Once, I was charged for a bill I didn’t make.  It was in an apartment I used to live in, but no longer lived in.  The bill was high.  It was for cable TV, but it wasn’t my bill. It belonged to whoever lived in the apartment after me, and they had been watching for a couple of years without paying.  If I didn’t pay the bill, I couldn’t have any more cable.  I went to the local Joomeen office and got forms from them proving where I lived and when I lived there, and the company who tried to charge me the big bill had to drop it and go ahead and give me cable.  It is useful for them to have a record of everyone and where they live.

If you want to know how to use a new washing machine, you can go to the Joomeen Center, and they will tell you. If you want to know where you can buy a washing machine, a fridge, or something else like that in your area, you can go to the Joomeen Center, and they will know all the stores where those things are sold.  They know everything in the neighborhood and give out lots of information.

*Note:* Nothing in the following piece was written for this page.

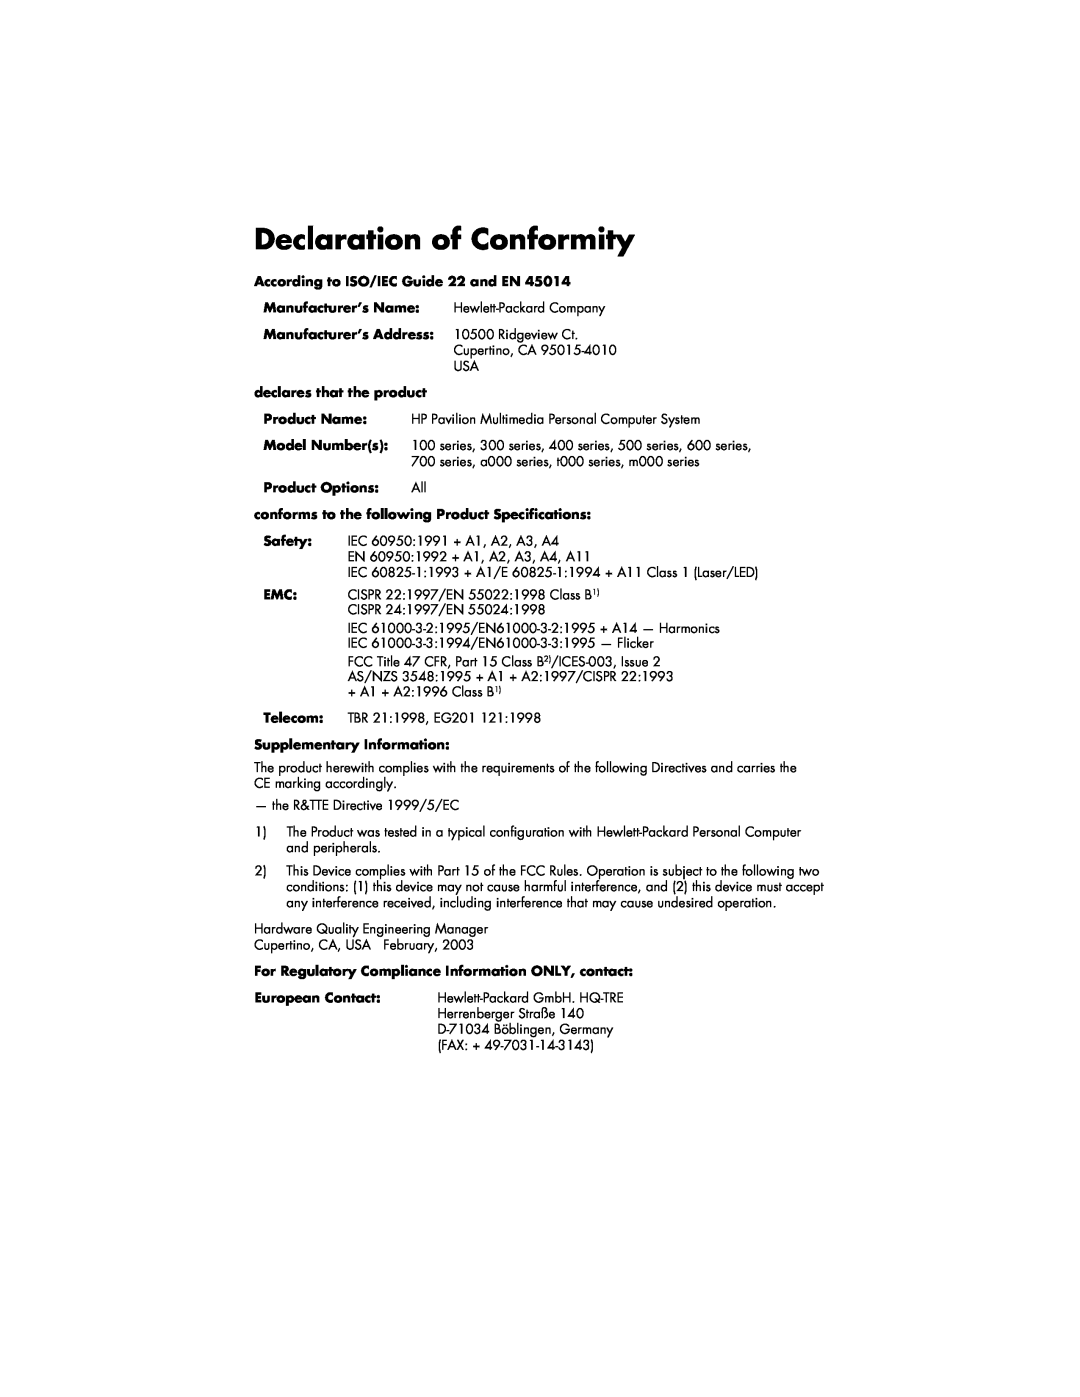 HP a118.uk Declaration of Conformity, According to ISO/IEC Guide 22 and EN, Manufacturer’s Address 10500 Ridgeview Ct 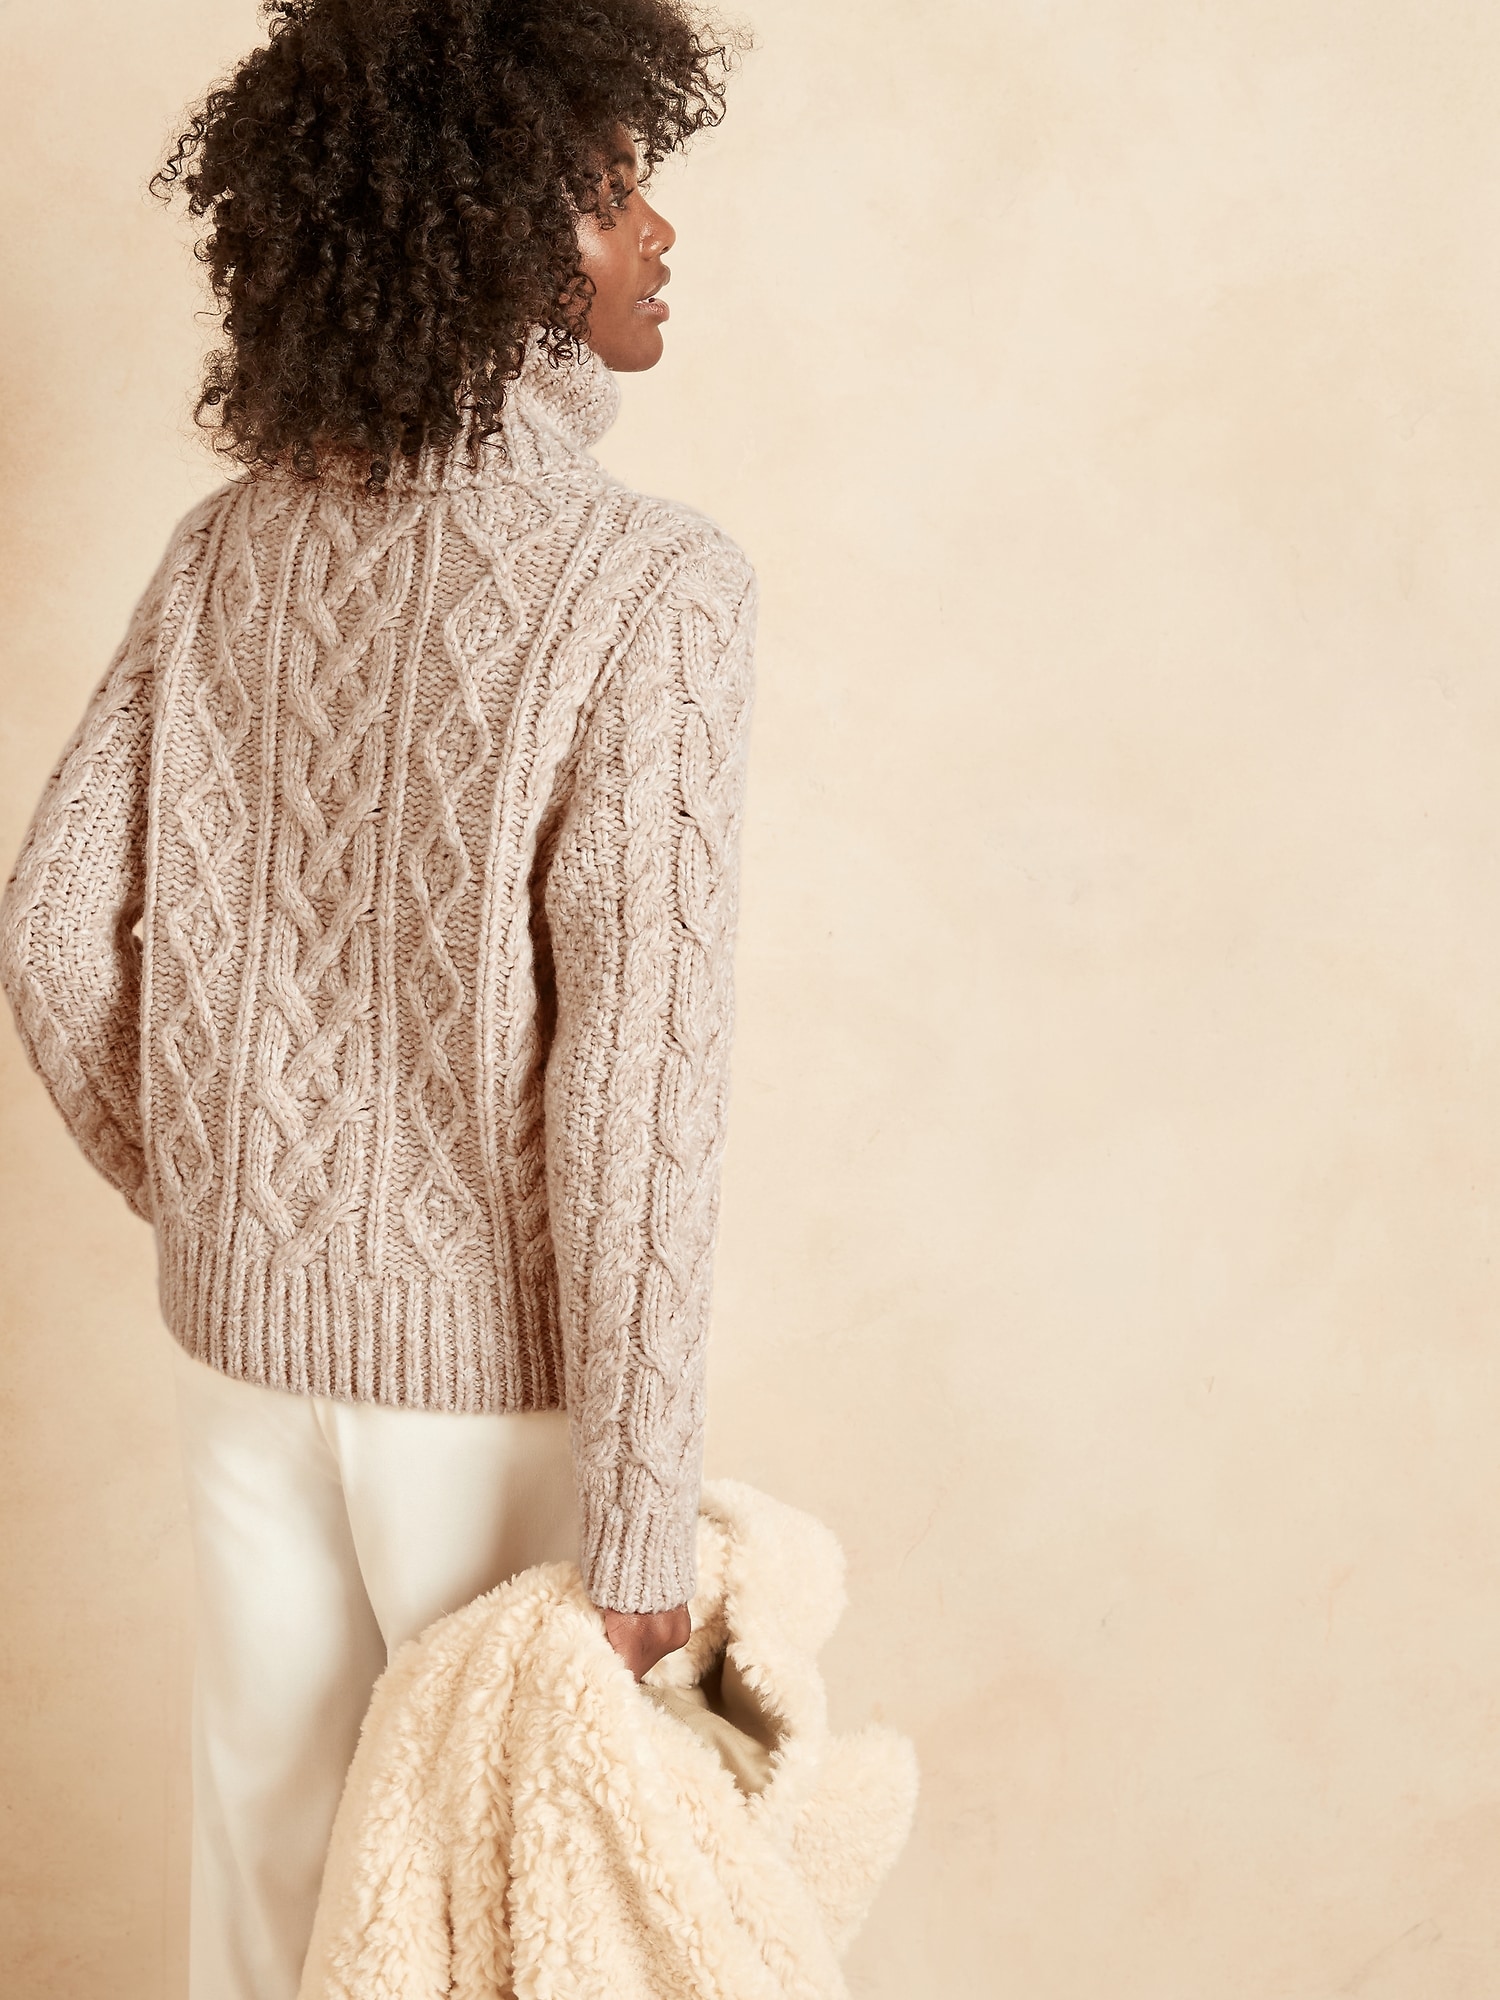 Cable-Knit Turtleneck Sweater | Banana Republic

When I lived in Romania, I felt strange when I learned that if a foreigner moved into a Romanian’s neighborhood, they had a certain amount of time to report to the government that the foreigners were there or the Romanians got in trouble.  I felt the Romanian government was having the neighbors spy on me.  This system in Korea could bother people because when anybody, Korean or foreigner, moves, they are expected to go to the Joomeen Center and report that they are there.  There are a lot of privileges that are withheld if you don’t do it.  For example, they wouldn’t give me a parking sticker on my car so I could use the parking lot in front of my apartment building until I did it. Some people may not like them keeping track of people so strictly, but they do, and it can be helpful.